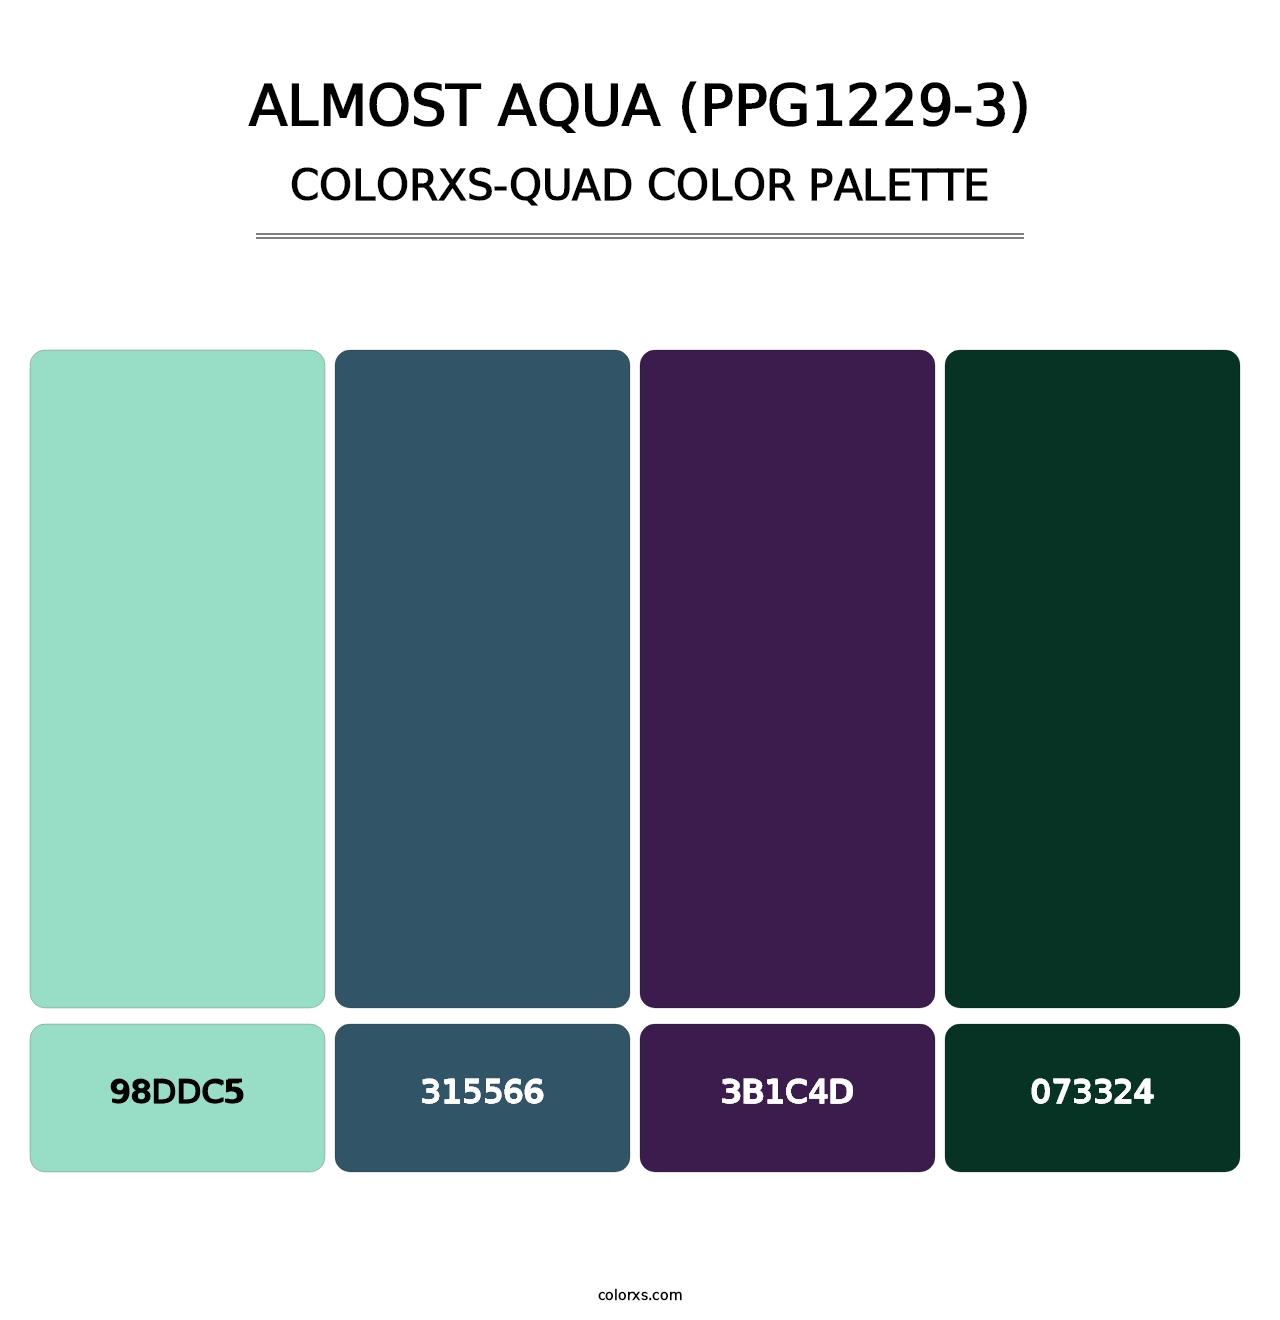 Almost Aqua (PPG1229-3) - Colorxs Quad Palette
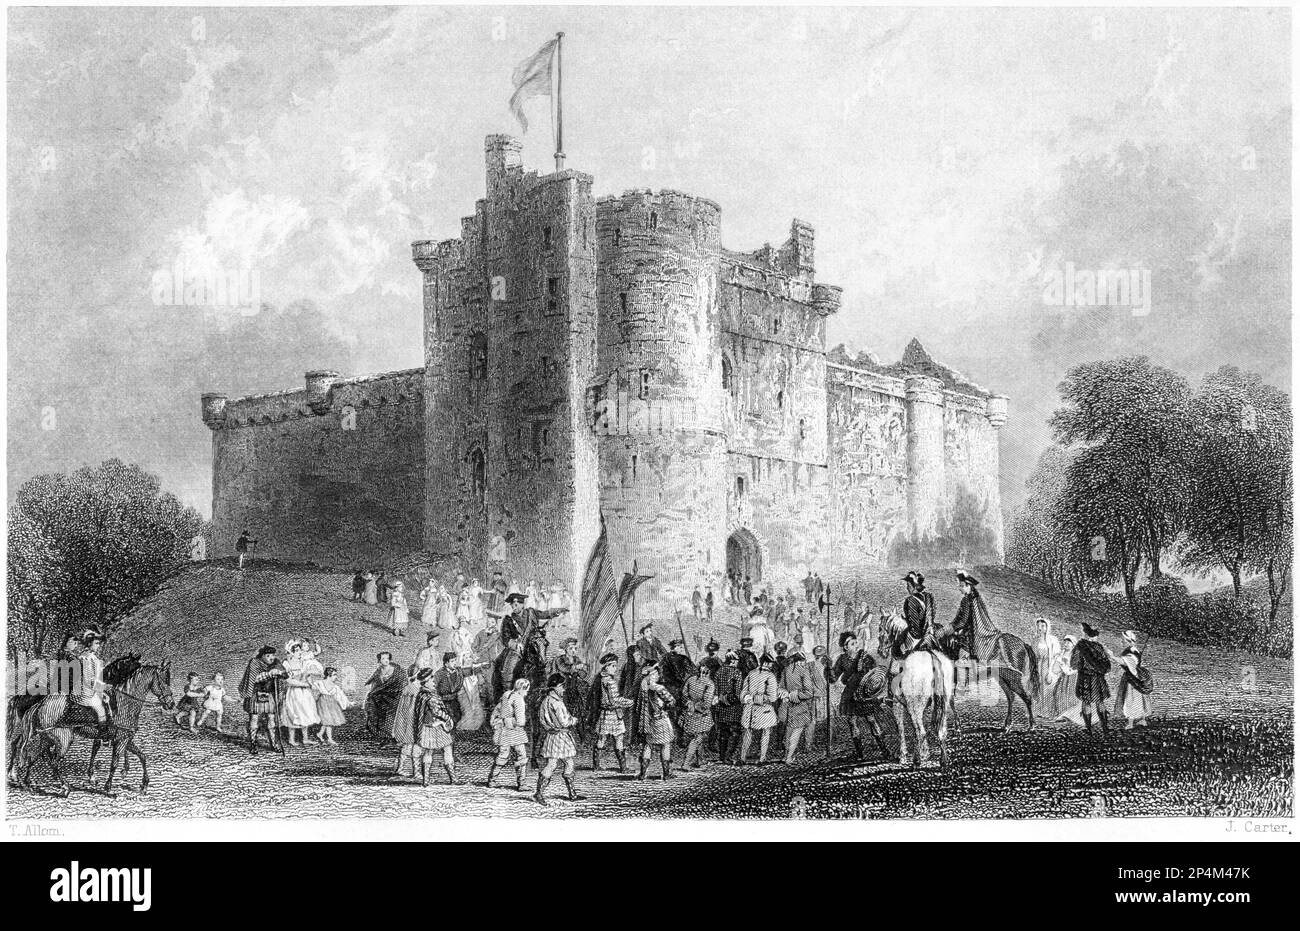 Une gravure du château de Doune (Prince Charles Stuart. Cession de ses prisonniers après la bataille de Falkirk AD 1746) d'un livre de 1840. Banque D'Images
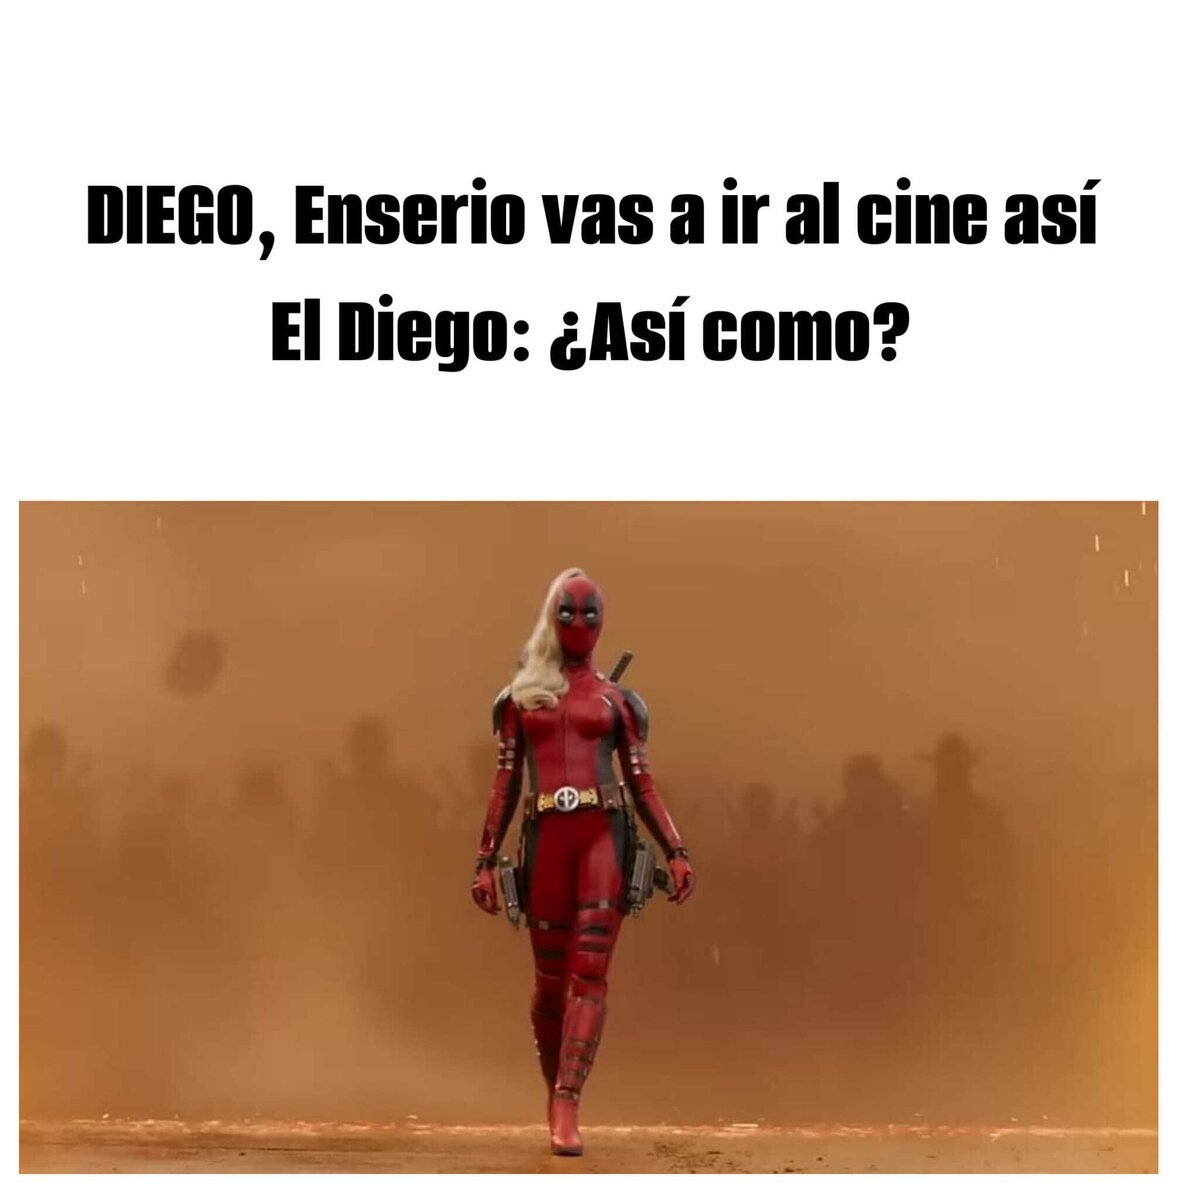 El Diego se ve Di-vi-no
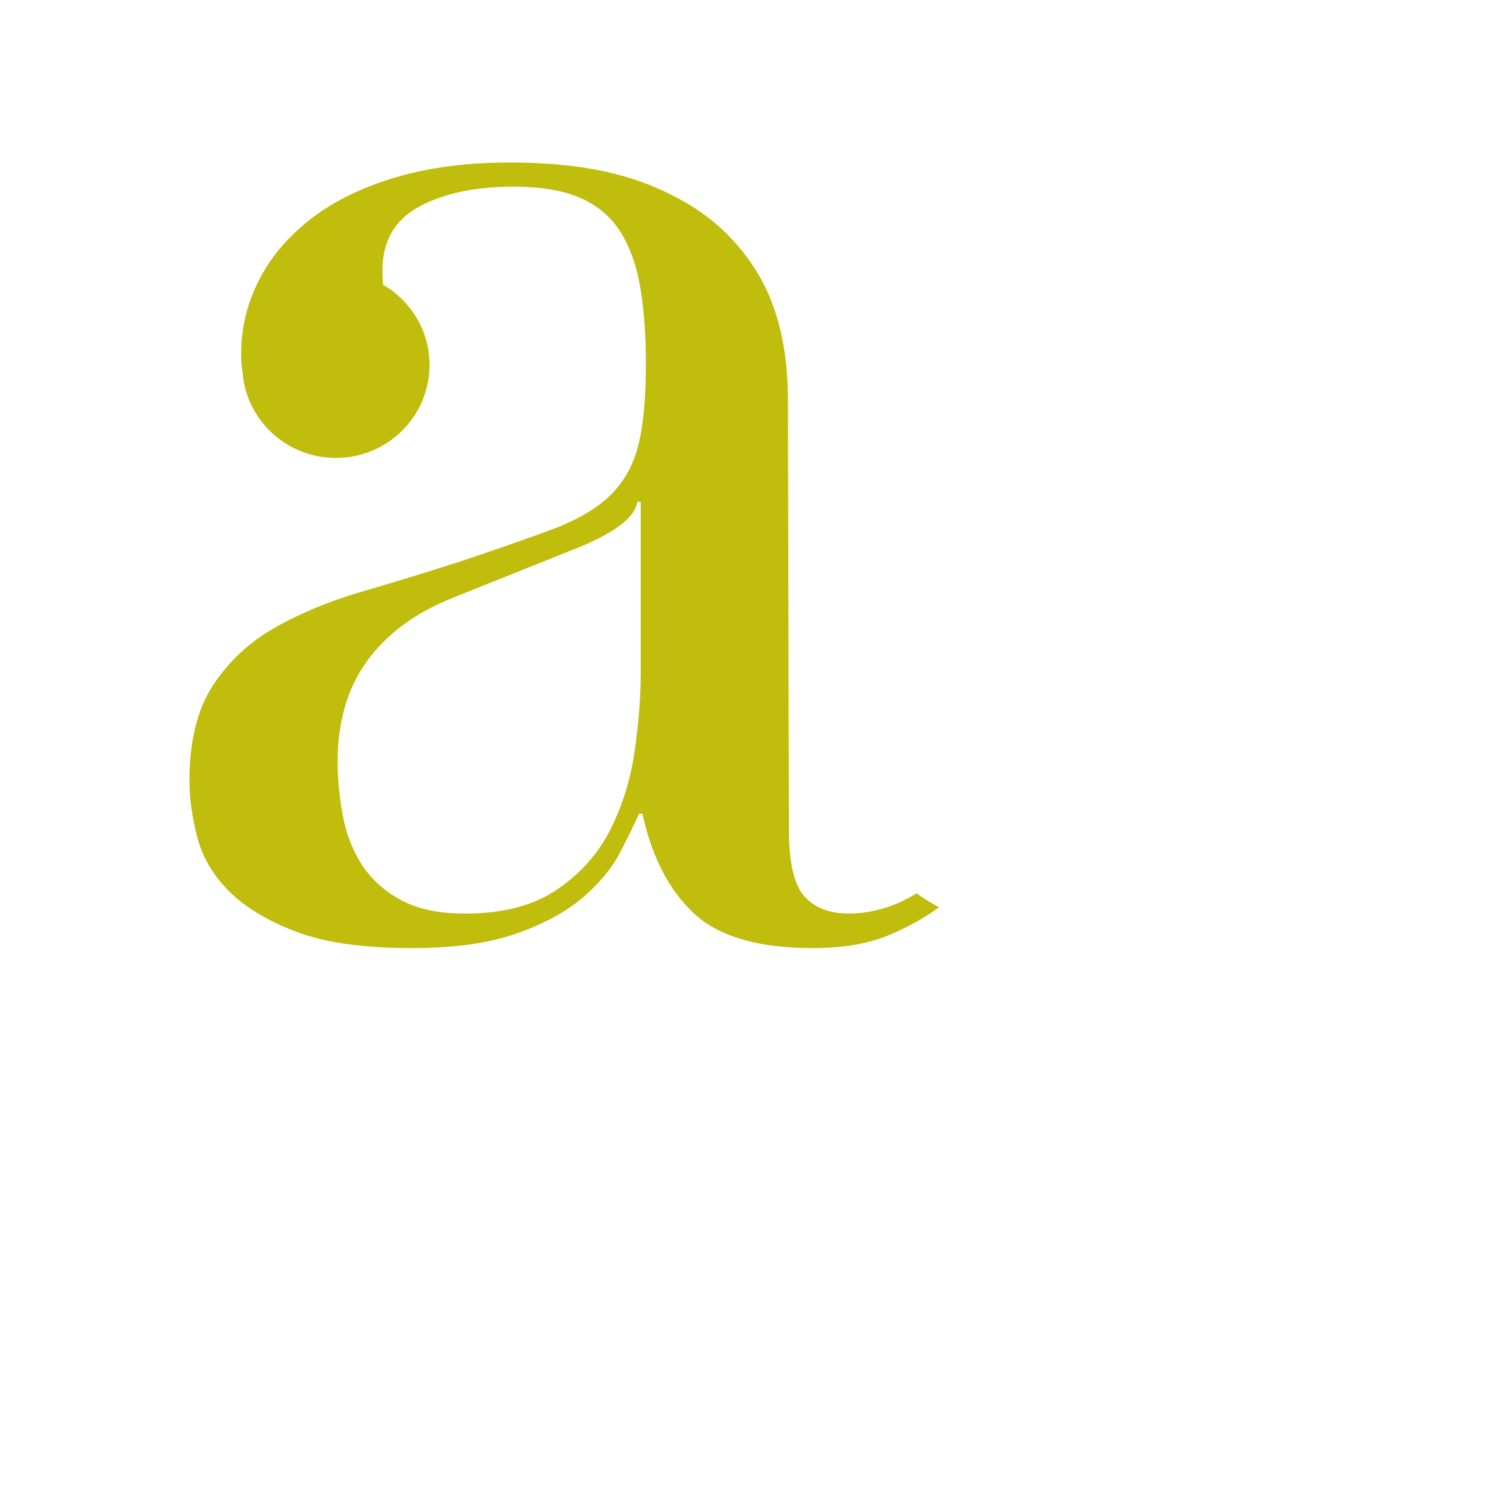 Alex Smith
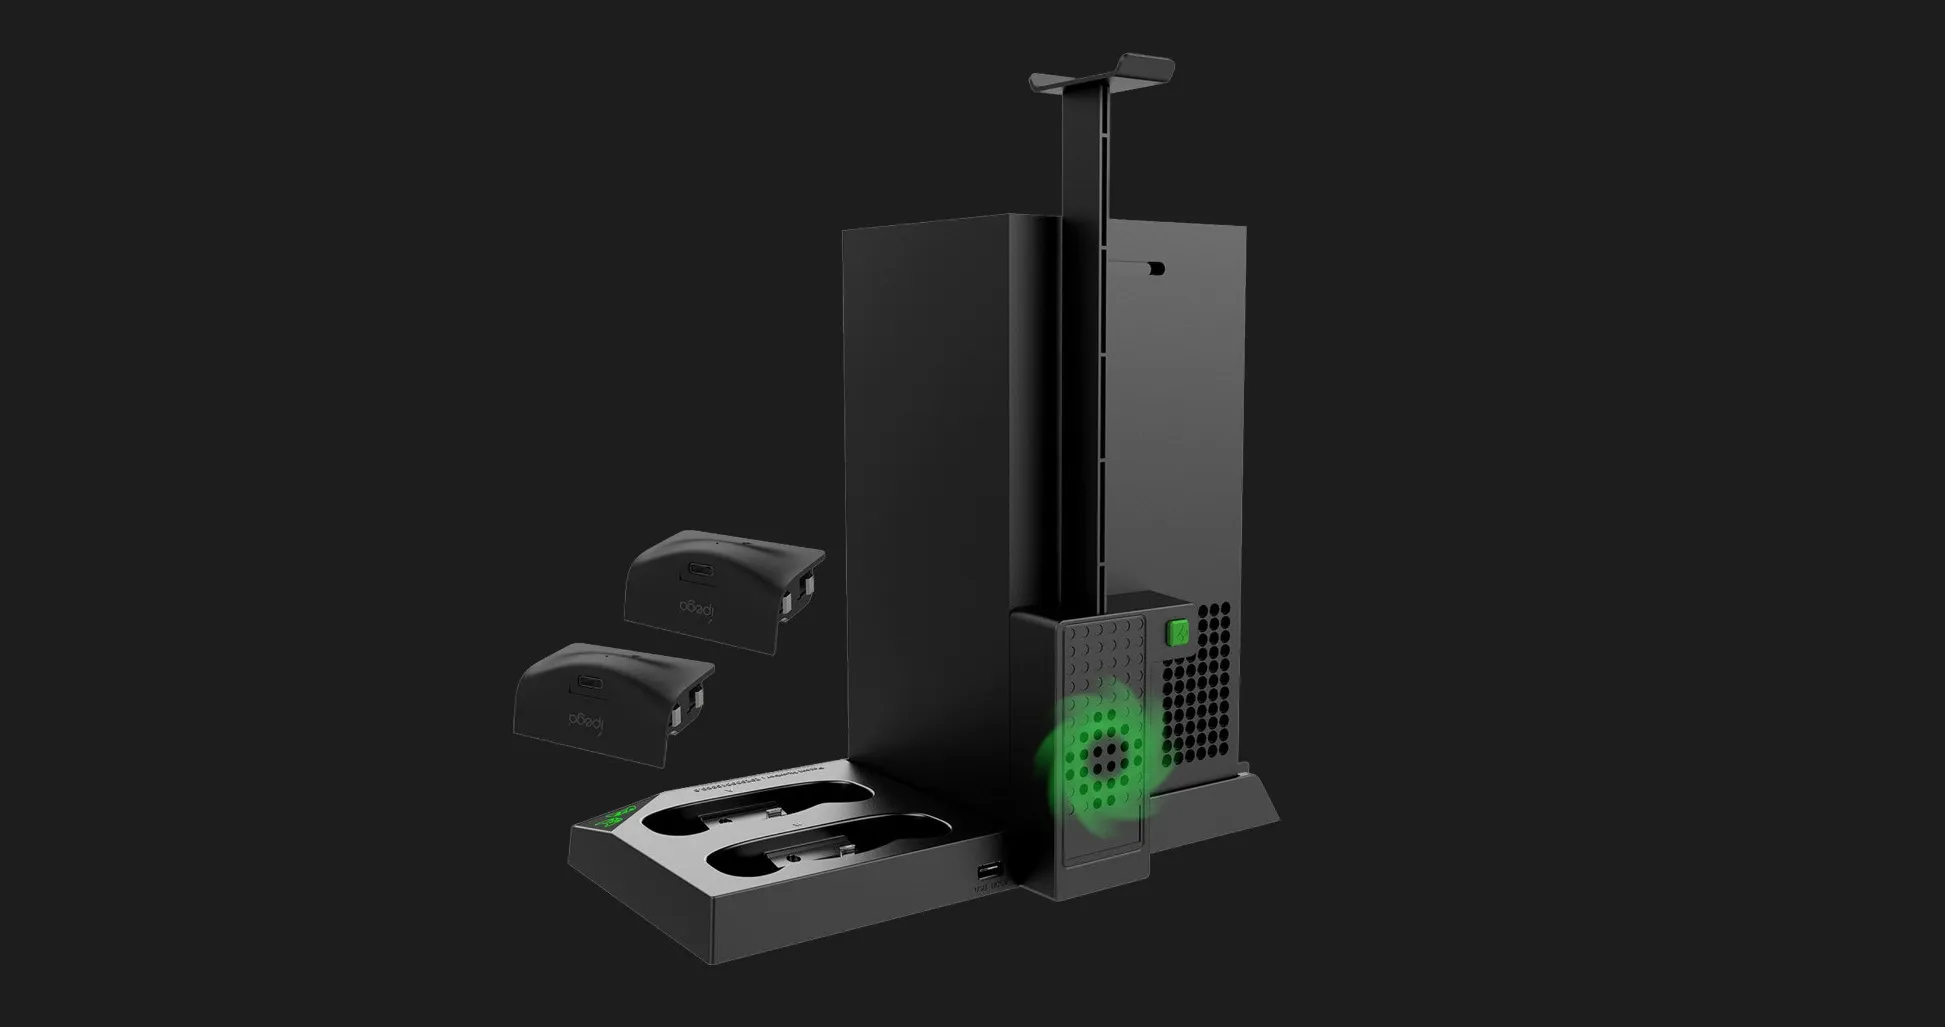 Зарядная станция iPega PG-XBX013 для Xbox X (Black)

━━━━

Could the entries be output exactly as written, but without their images?

 Almost Aqua (PPG1229-3) - Colorxs Quad Palette
 Une gravure du château de Doune (Prince Charles Stuart. Cession de ses prisonniers après la bataille de Falkirk AD 1746) d'un livre de 1840. Banque D'Images
 El Diego se ve Di-vi-no
 Alex Smith
 Зарядная станция iPega PG-XBX013 для Xbox X (Black)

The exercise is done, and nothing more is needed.